В штабе всякие махинации обделывали между собой, вот ему наладился выписывать рецепты штабной невропатолог — военспец по одержимости и беснованиям, начальник призывной медкомиссии, куда и отправили для освидетельствования нашего Филю.
Ни для кого не было секретом, что Филя — горе-вояка. Но призывную комиссию задело за живое, каким это, интересно, образом он так зафиксировал коленный сустав, будто вмонтировал туда железный штырь?
Филю вертели и так, и эдак, разглядывали со всех сторон его худую желтоватую ногу в родинках и веснушках, прямую, как костыль. Но сколько ни старались — нога Фили была столь же несгибаемой, сколь несгибаемым отродясь не был его характер, мягкий и дружелюбный, готовый на соглашательство по любым вопросам.
Пришлось им послать Филю на все четыре стороны, ибо такие одеревенелые стариковские колена сбрасывать со счетов пока не полагалось.
— Спасибо, спасибо, — ласково ворковал Филя, — ладно, Господь милостив, пока я возвращусь к своим горшкам. Но если дело будет швах — зовите, я им задам перцу!
Прадед мой так и припадал на одну дылю, правда, порой забывал, которая из них не гнется.

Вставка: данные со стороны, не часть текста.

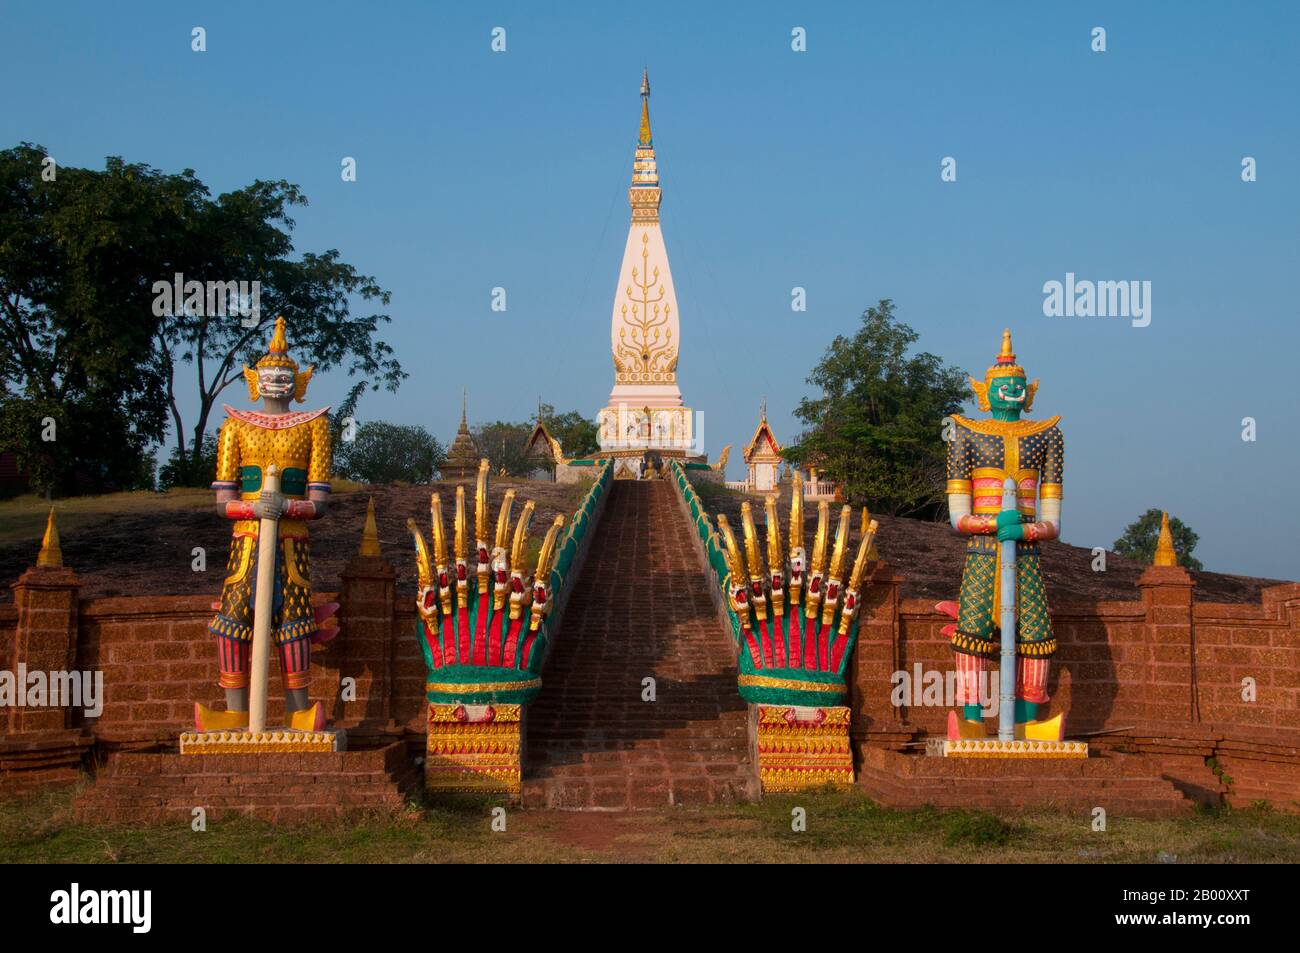 Thailand: Wat Phra That Satcha, Ban Tha Li, Loei Province, northeast Thailand.  Wat Phra That Satcha was built in 1976, one year after the collapse of Wat Phra That Phanom, the symbol of northeast Thailand and its most revered sanctuary. The chedi is similar in style to That Phanom. Stock Photo

Когда ковылял по правой стороне улицы — у него не сгибалась левая, когда по левой — правая.
Однажды, повстречав исправника на узенькой дорожке, у Фили в голове захлестнуло, какую ногу он выдавал за недужную.

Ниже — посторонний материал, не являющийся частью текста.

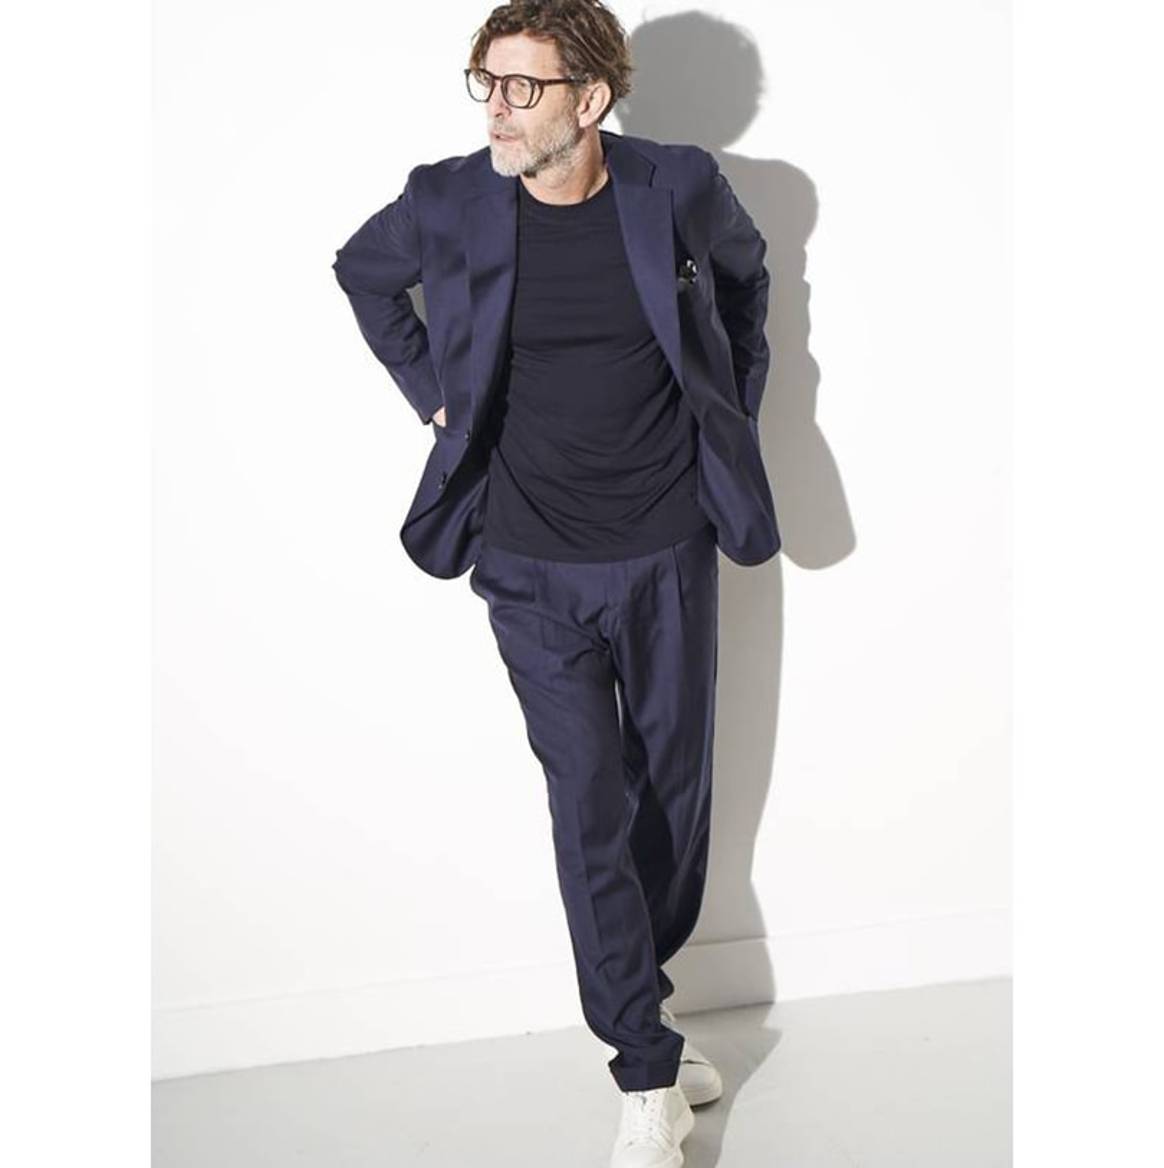 Menswear label Neem London launches with focus on low carbon practice

— Хоть лоб взрежь — не помню! — он потом докладывал Ларе.
Тогда, немного помявшись, старик зашагал навстречу, как колосс на глиняных ногах, не сгибая ни ту, ни другую, да еще почтительно приподнял шляпу и воскликнул:
— Доброго здоровья, господин Клоп!
Додя брел под хмельком, в омерзительном настроении, ссутулившись, повесив нос и думать позабыв о военной выправке, — в тот день прапорщик испытывал особенную тоску и тревогу. Работа у него смутная, даже опасная, среди призывников то и дело возникали стихийные бунты, в Режицком уезде запасные разорили трактир, украли снопы, воинскому начальнику вывихнули руку за то, что он пальцем указал на ихние бесчинства, а тамошнему исправнику вообще учинили жестокую расправу.
Чтобы позолотить пилюлю, Доде приходилось принимать на грудь не только в свободное от работы время, но и на службе: в ящичке его стола всегда стояли початый мерзавчик и рюмочка.
Тусклым взглядом окинул он Филину персону и с горькой усмешкой произнес:
— Хочу вас обрадовать, господин Таранда. На Смоленскую цирк приехал, им как раз не хватает коверного. Может быть, найметесь пошабашить?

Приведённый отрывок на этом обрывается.